I am trying to figure out how best to compare gestational age as an outcome in clinical trials.

In general, gestational age is almost always left-skewed data presumably due to the fact that pregnancies won’t last far beyond 40 weeks (in part due to labour induction), but viable preterm birth is not an uncommon occurrence and can extend as low as 23 weeks. Please find here a histogram for a real gestational age dataset from a maternity hospital (n = 153):

For randomised controlled trials that aim to reduce preterm birth, I am trying to work out an optimal way to analyse this data. A brief review of previous trials show that this is generally done in three ways:

- Binomial comparison of <37 weeks and >37 weeks. Clinical definition of preterm birth is gestational age <37 weeks. This is quite a common method of analysis.
- Comparing means gestational age. Also quite common, but I have rarely seen transformation of the data.
- Survival analysis of time to birth. This is rather uncommon.
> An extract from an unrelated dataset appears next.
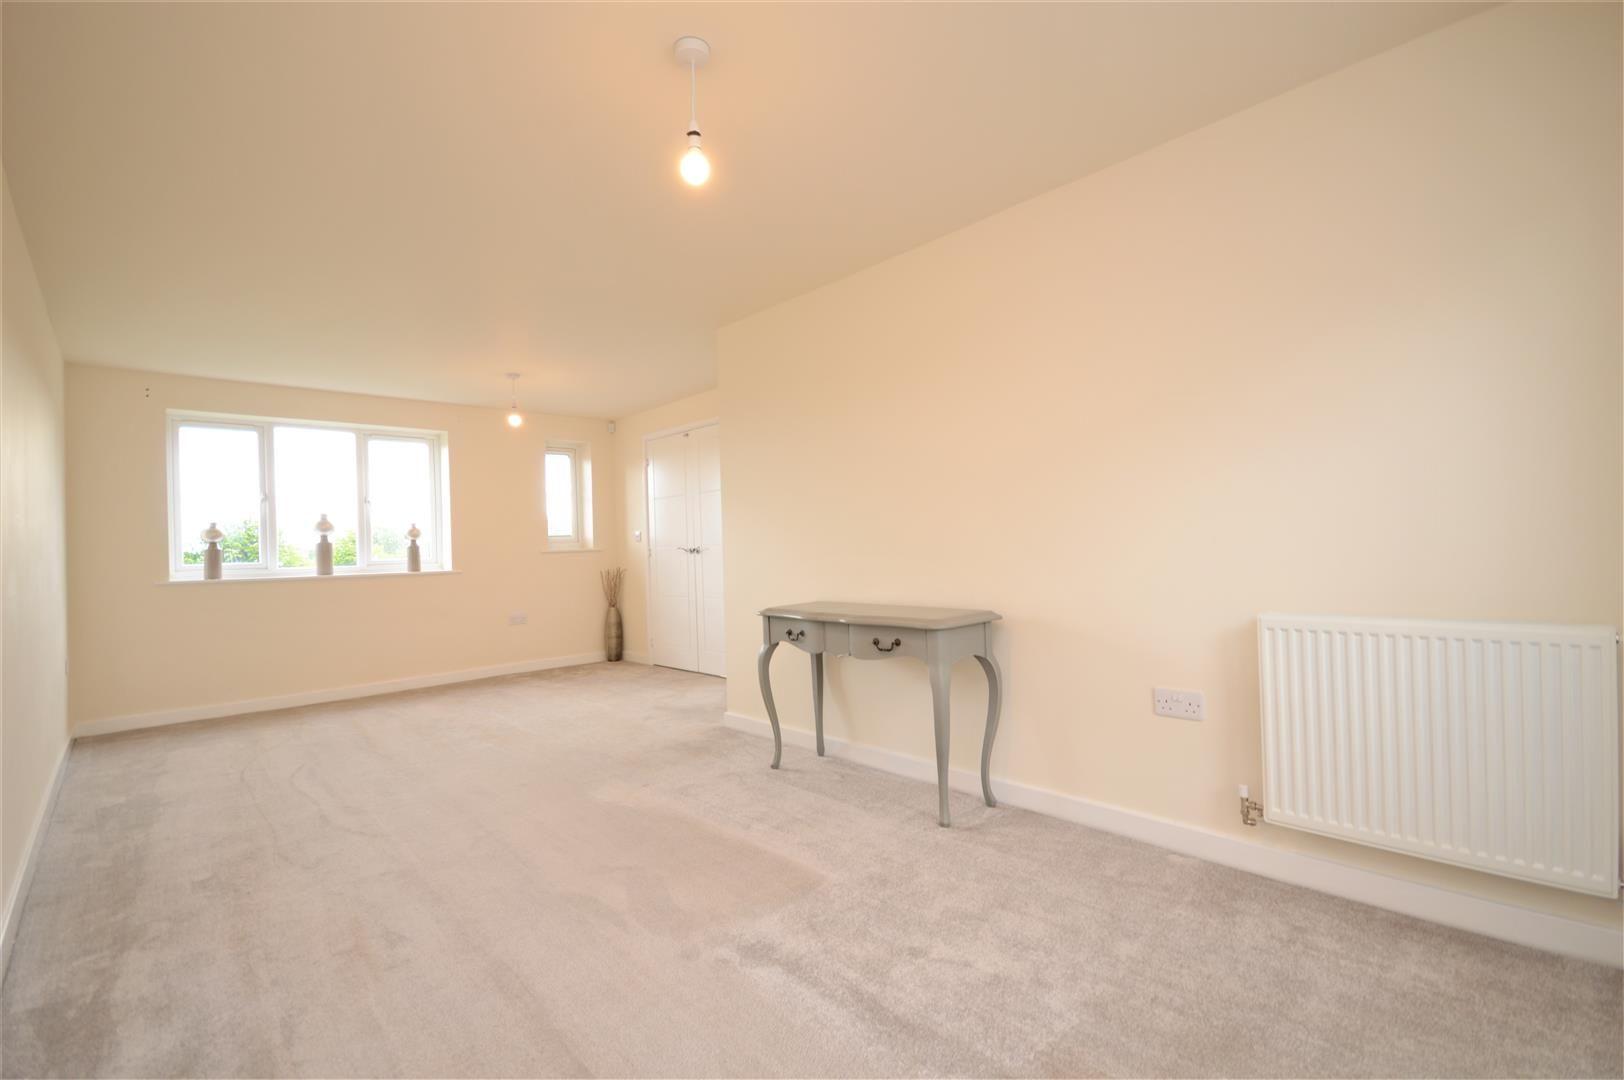 4 bed detached for sale in Bartestree  - Property Image 7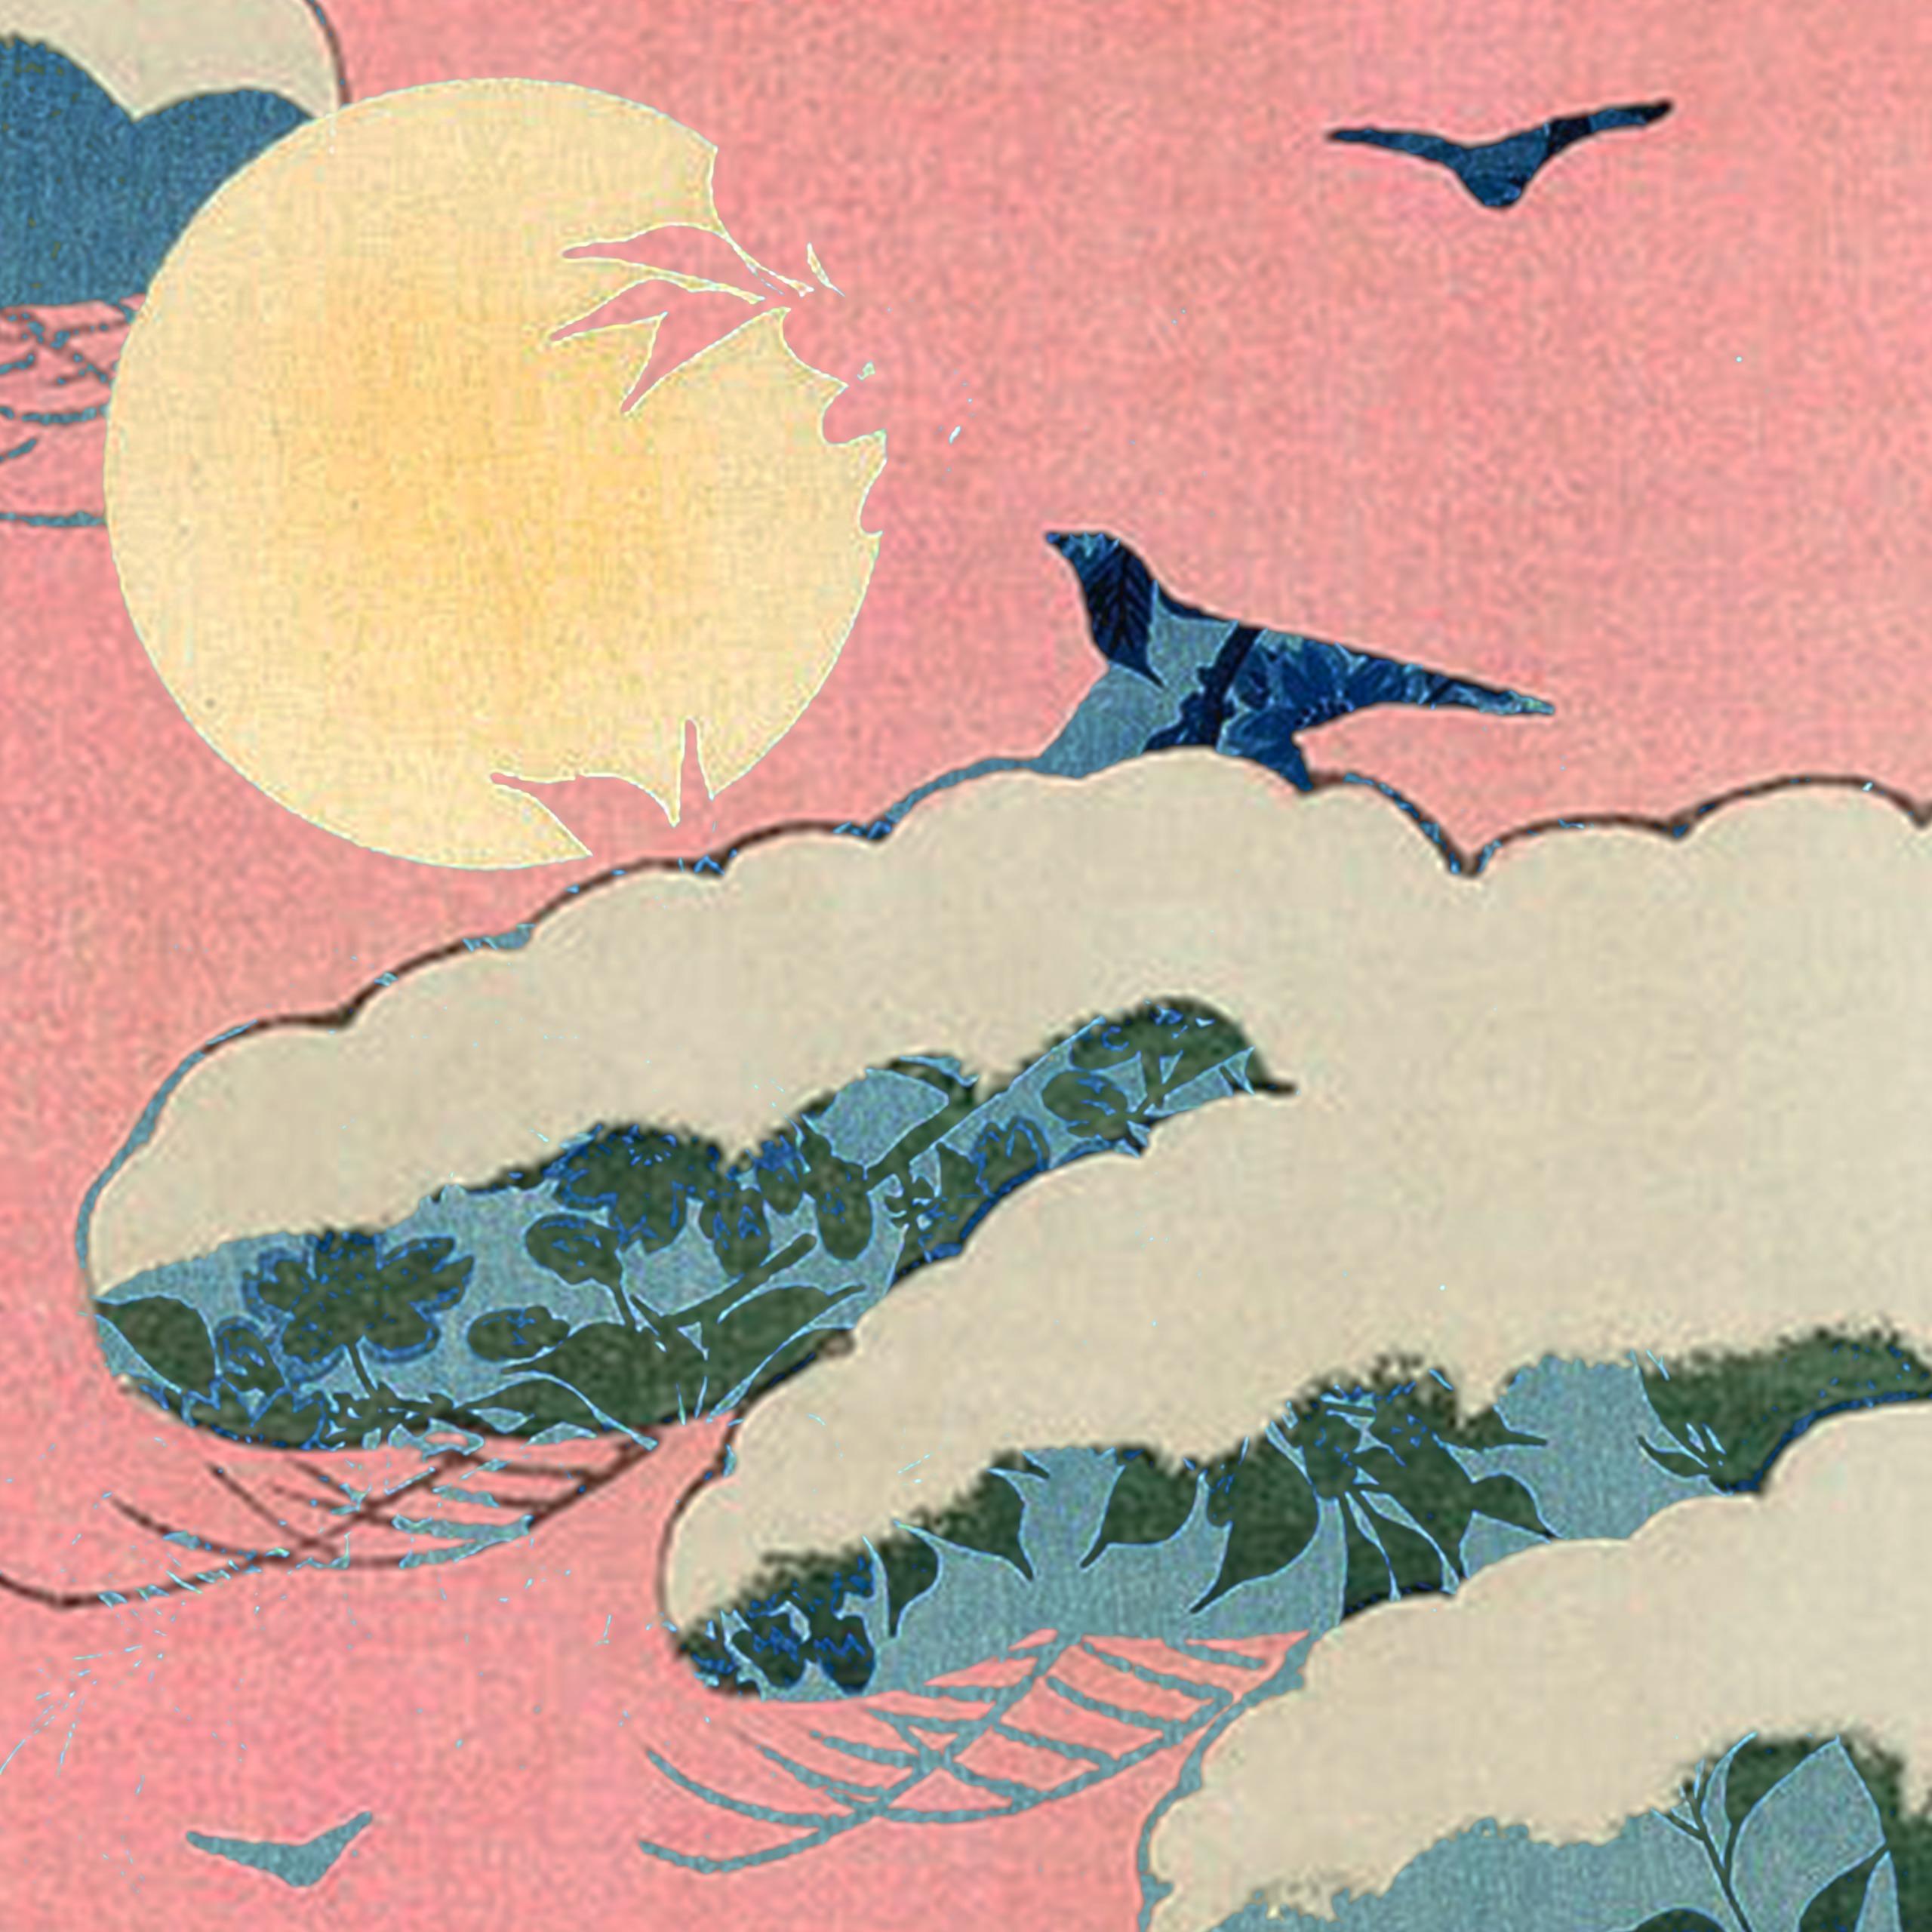 bird life - 002 - gungacolors   ello

Option 1 is probably not optimal due to the various issues associated with dichotomisation, which are extensively covered on this form and in Frank Harrell’s BBR.

However, I’m trying to choose between Options 2 and 3. Both would yield interpretable estimates. Option 2 would likely require transformation to normal (e.g. power transformation, see histogram below), but I fear that the relatively hard upper bound may still be problematic. Option 3 might offer some more flexibility, but the relatively hard upper bound may not play nice with the proportional hazards assumption.

I would be very grateful for any advice on analysing this data in a clinical trial context. There are other models that I’m less familiar that may perhaps suit (e.g. Gompertz?), but I’m a bit concerned that these may be less interpretable for clinicians.